Zulip Chat Archive

Stream: mathlib4

Topic: Whitelist for Unicode?


Adomas Baliuka (Jul 02 2024 at 23:28):

Just for fun, I looked at the distribution of unicode characters in Mathlib's source files. For anyone interested in trivia, there are 610 individual characters and their frequency distribution is roughly exponential.

I'm one of admittedly very few people here who are slightly worried that malicious contributors (or AIs that find exploits) might make use of "cybersecurity-type vulnerabilities" to introduce inconsistencies. Given that unicode is generally a cybersecurity nightmare in most software, I wonder if Mathlib has any checks (e.g. in the linter) or guidelines on using and introducing new unicode. It does not seem so and I think it would be a good idea, e.g., to have a "whitelist of unicode characters" and a linter warning to be issued to any PR introducing new characters.

I found some interesting instances of non-printable non-ascii characters:

  • There is a U+200b (​zero width space) in docstrings here and here
  • There is U+200c (zero-width non-joiner) in docstrings here and here, which the symmetry between those two might suggest they are intentional, but I can't tell why it's used.

What do you think? Should we bother removing these, assuming they are unintentional? Should we worry in general about weird unicode characters being introduced and going unnoticed in PRs?

Bolton Bailey (Jul 02 2024 at 23:53):

Well the nice thing about working in a language which asks you to prove things is that it should be impossible to introduce an inconsistency, at least in the mathematical sense, solely by including tricky unicode characters in theorems because the theorems are eventually checked by the kernel and are either true or not.
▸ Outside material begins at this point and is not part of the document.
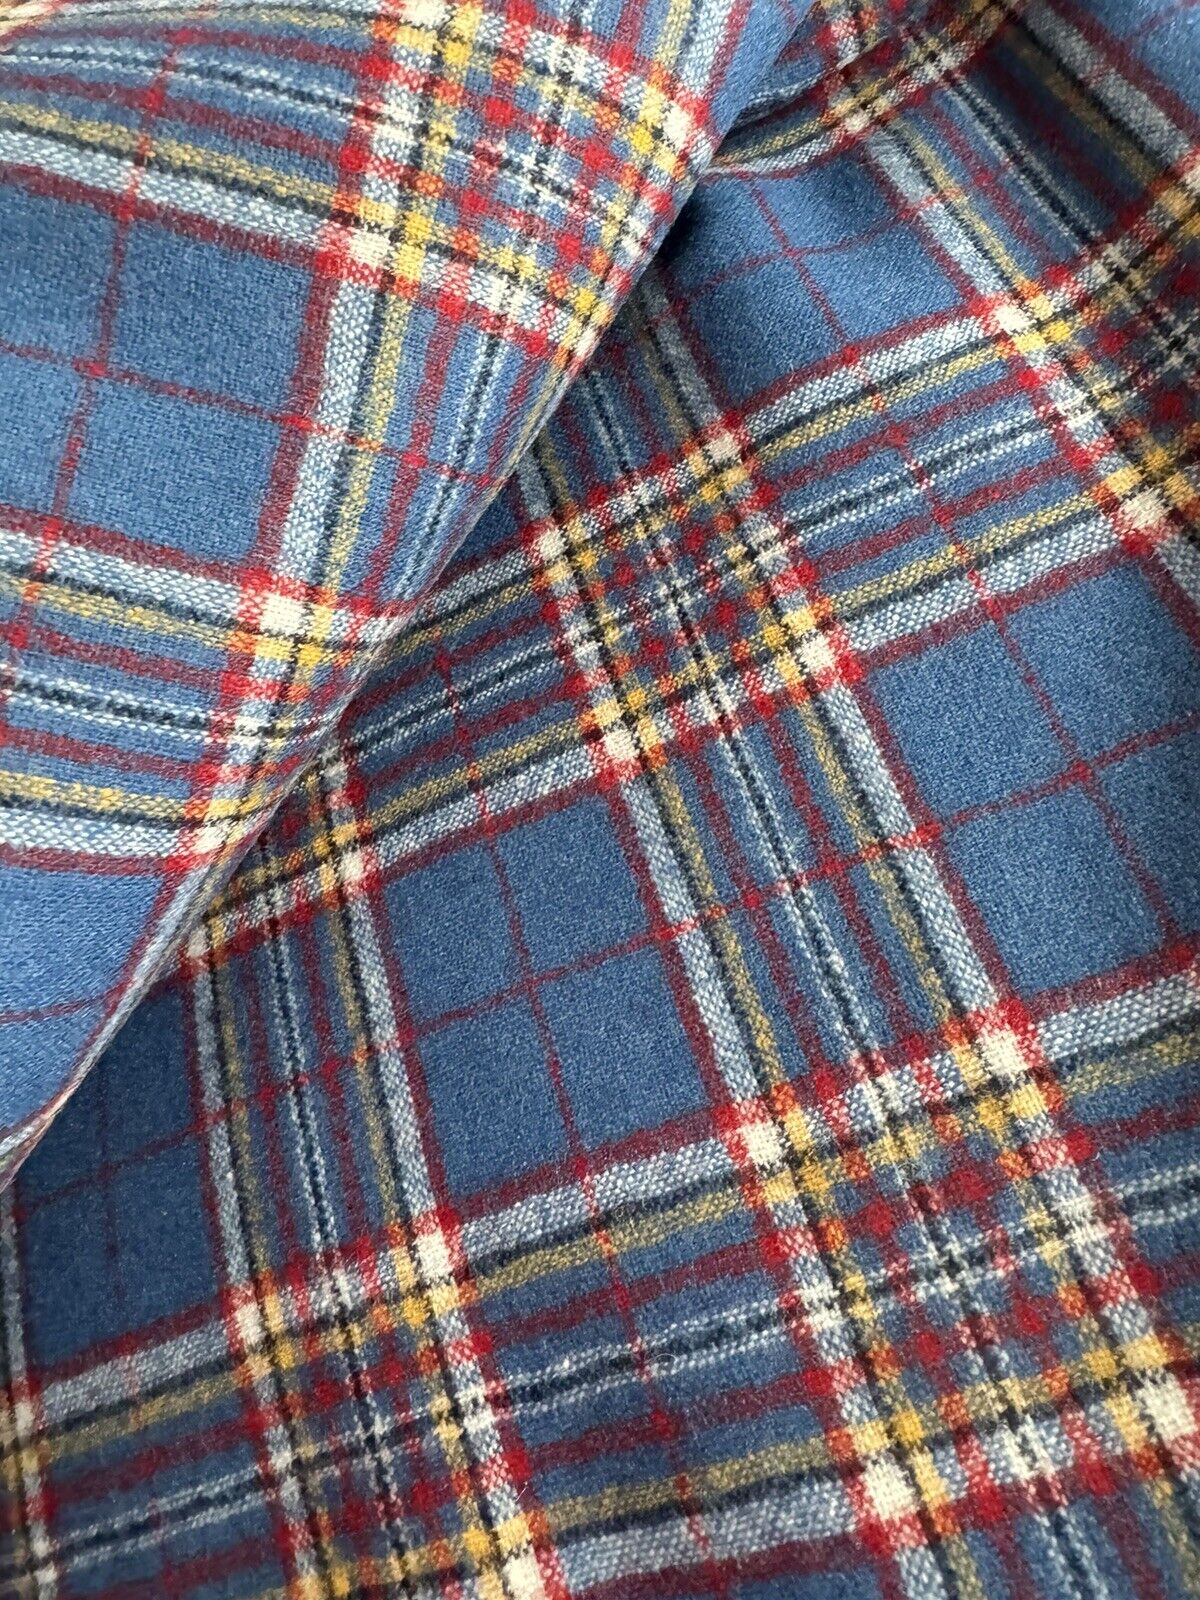 Virgin Wool Pendleton Tartan / Plaid Fabric - Red Blue Beige - 2.2 Yards (80”)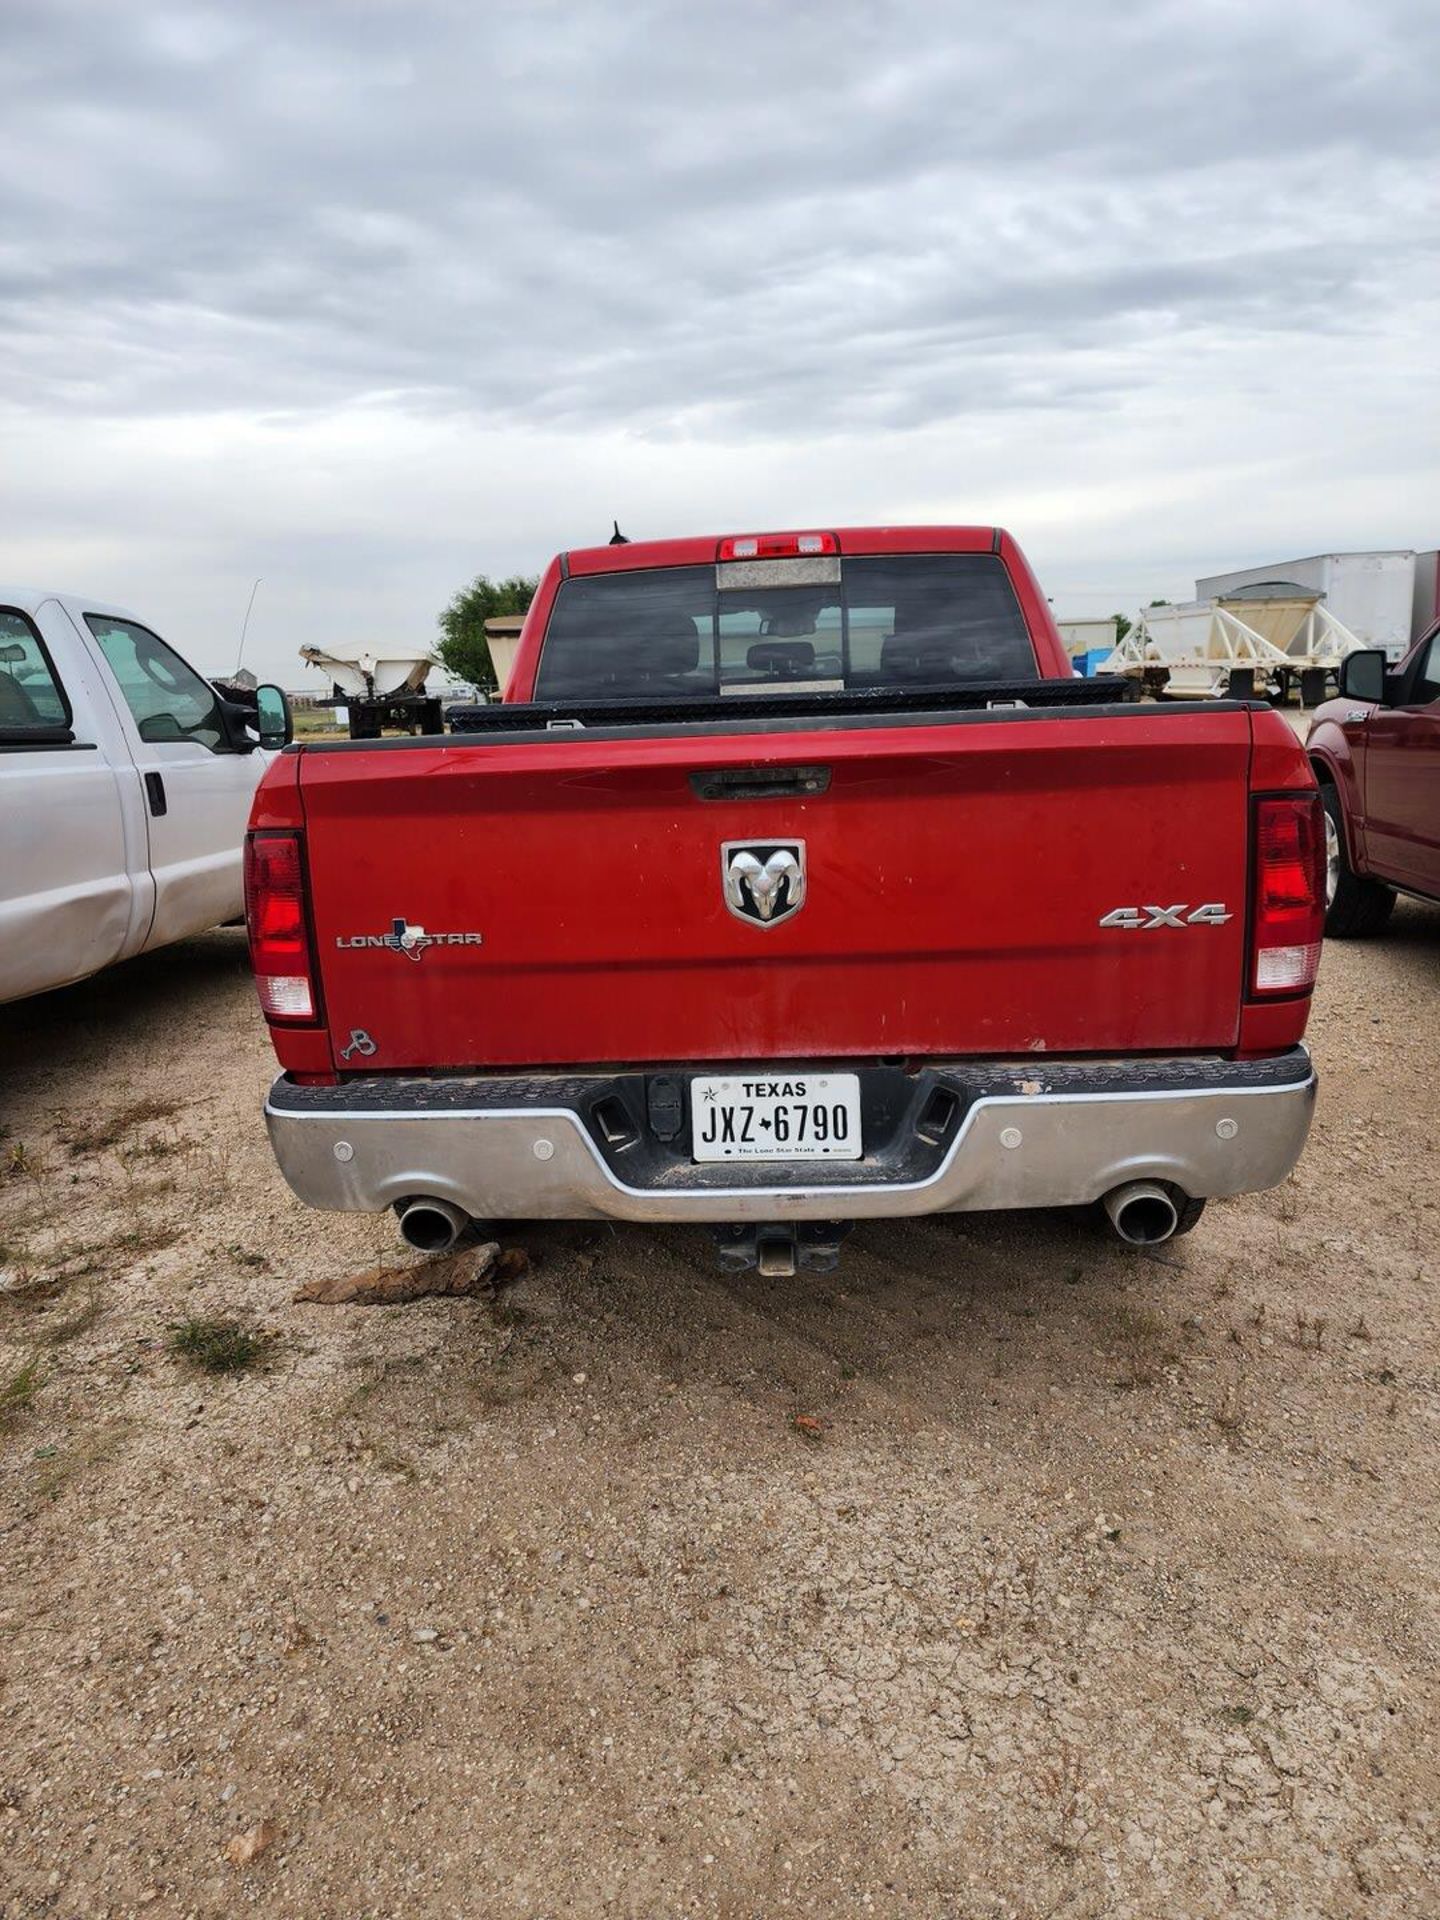 2017 Dodge Ram 1500 Hemi Truck (Gasoline) Mileage: 89,578 ; Vin: 1C6RR7T2HS719480; TX Plate: JXZ- - Image 7 of 19

Your concern is perhaps a little more valid in the context of definitions that may not be what they are supposed to look like. But I think the mathlib community is currently focused on research math and this attack model is not a big concern for that endeavor. Still, removing unnecessary complications can't hurt.

I do think a linter for unicode characters that don't have backslash codes makes sense though (at least outside of comments), because if any of those are introduced, it could make it harder for maintainers to edit that code after the fact.

Bolton Bailey (Jul 02 2024 at 23:56):

I'd be interested to see the unicode frequency stats

Adomas Baliuka (Jul 03 2024 at 00:04):

Individual frequencies

Julia code to recreate distribution plot:

using StatsBase, Plots
s::String = <concatenate all .lean files in Mathlib>
countmap(s) |> collect |> v->sort(v, by=pair->pair.second) |> tt->bar(tt.|>s->s.first, tt.|>s->s.second, yaxis=:log)

Distribution:
tmp.png

Kim Morrison (Jul 03 2024 at 01:04):

I would encourage removing the non-printable characters.

(And yes, I'm aware that it's possible that someone added them to tweak the docs output in some clever and undocumented way. :-)

Anthony Bordg (Jul 03 2024 at 14:00):

Can I use a curly symbol E\mathcal{E} for the name of a variable? How?

Adomas Baliuka (Jul 03 2024 at 14:07):

Anthony Bordg said:

Can I use a curly symbol E\mathcal{E} for the name of a variable? How?

Any symbol that cannot be entered using <backslash><some letter combination>, you can copy/paste from e.g. https://en.wikipedia.org/wiki/Mathematical_operators_and_symbols_in_Unicode

So for caligraphic E 'ℰ', VSCode tells me to use \McE. I guess 'Mc' stands for "mathcal". If you want to really confuse people, you could use something like 'ℇ'...

Once you have a symbol in e.g. VSCode, hovering over it tells you the <backslash><some letter combination>, if there is one.

Anthony Bordg (Jul 03 2024 at 14:19):

Fantastic Adomas! \Mc is what I was looking for.

Marc Huisinga (Jul 03 2024 at 14:29):

The 'Docs: Show Unicode Input Abbrevations' command also opens a full list in VS Code.

Anthony Bordg (Jul 03 2024 at 14:44):

Is this a command you input in VC Code?

Marc Huisinga (Jul 03 2024 at 14:47):

Yes! See also https://github.com/leanprover/vscode-lean4/blob/master/vscode-lean4/manual/manual.md#unicode-input.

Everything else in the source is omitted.